How fast does MENACE learn? if you were to reset all its settings and place it in front of a perfect user, one that never loses, MENACE will start playing equally as perfect after about only 35 games (in the graph below the higher the beads the more sure MENACE is of the move its about to make).
Against a random clicker, it caught on after about 70 games and stopped losing and nearly ever tied (to play around with MENACE click here). So how exactly is MENACE learning and how is it used in modern machine learning?
MENACE is learning to refine its strategy using reinforcement learning, one of the three paradigms in machine learning. MENACE was also used as one of the first examples of how reinforcement learning works. The three main ways machines learn to learn are reinforcement learning, supervised learning, and unsupervised learning. What differs reinforcement learning is that it focuses on finding a balance between exploration and exploitation. Exploration being uncharted or new territory (such as picking a bead randomly and seeing if it’ll win or not) and exploitation is using current knowledge (such as picking a bead with a higher success rate in the past).

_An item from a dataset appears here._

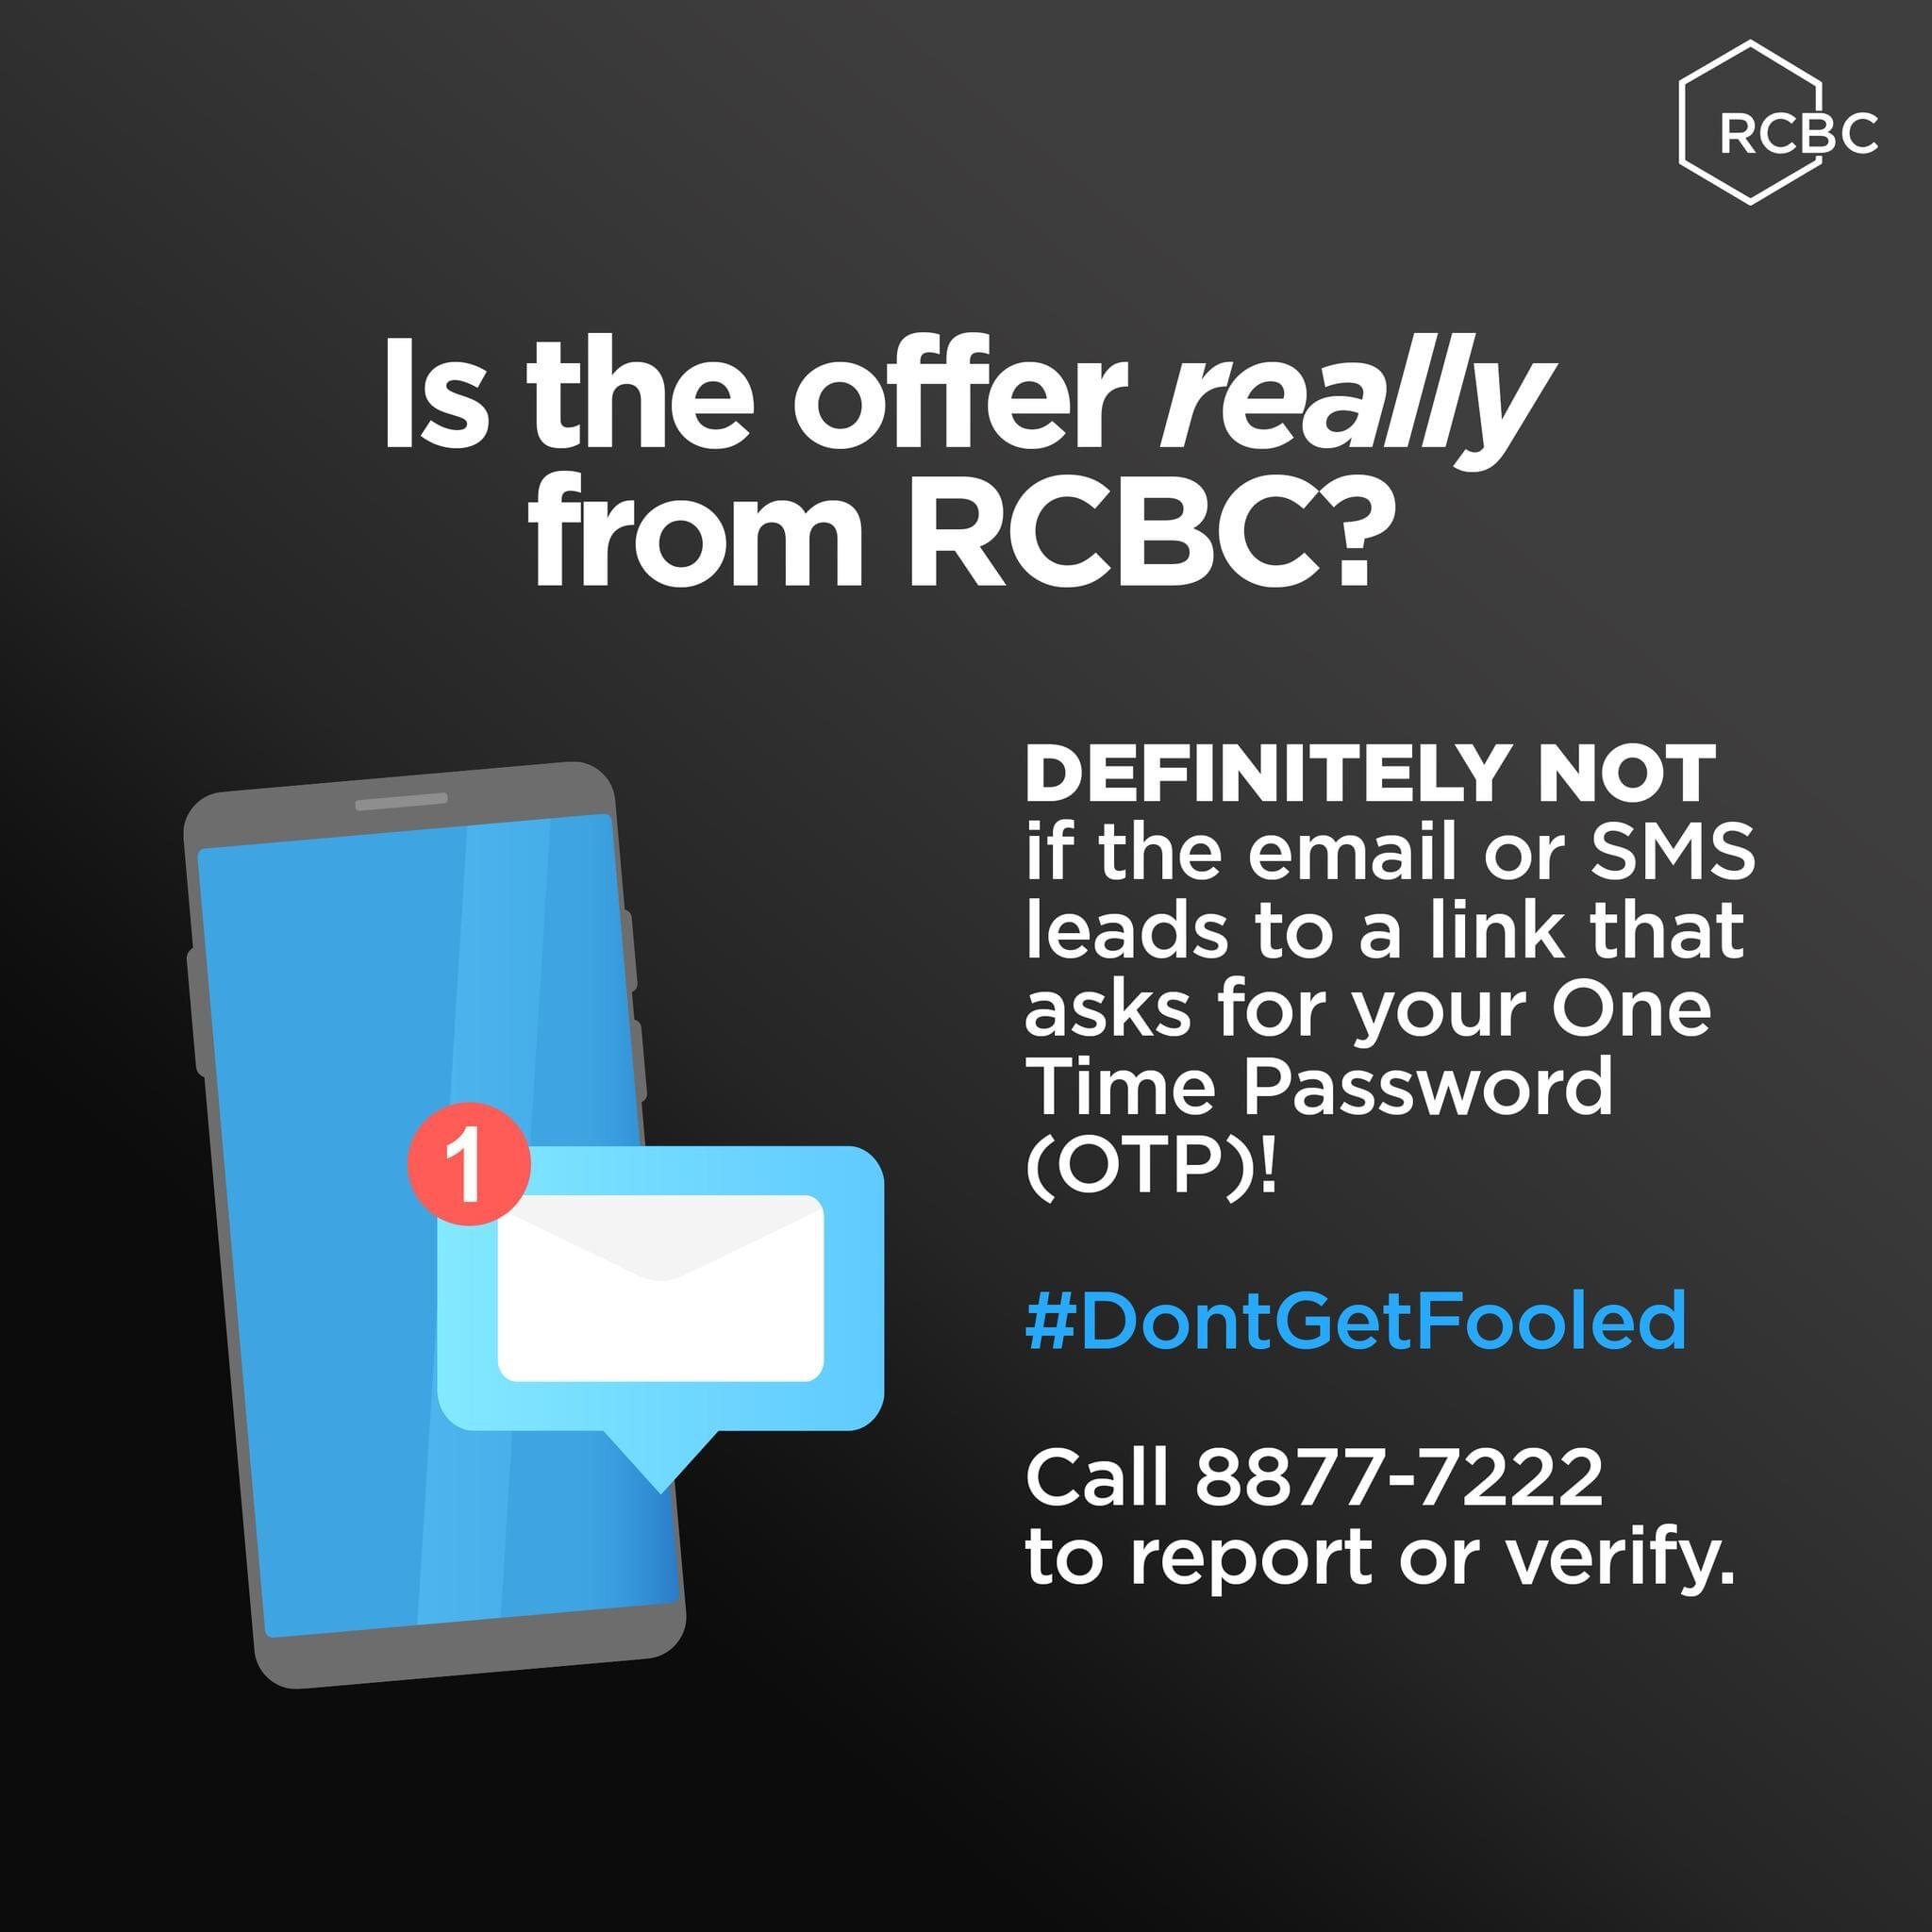 RCBC Cybersecurity Tip 1

Another main part of reinforcement learning is the reward. Good behaviours are treated with a positive rewards, while bad behaviours might be treated with negative ones. So in the beginning when the machine knows very little, or nothing at all, it will start to make random decisions. After each decision (like picking a bead) it will be rewarded. If the decision was correct, it will be rewarded positively (adding a bead), and if it was wrong then a penalty might be introduced (taking a bead away). This way machines learn to change and adapt to the environment as every attempt improves the machine little-by-little.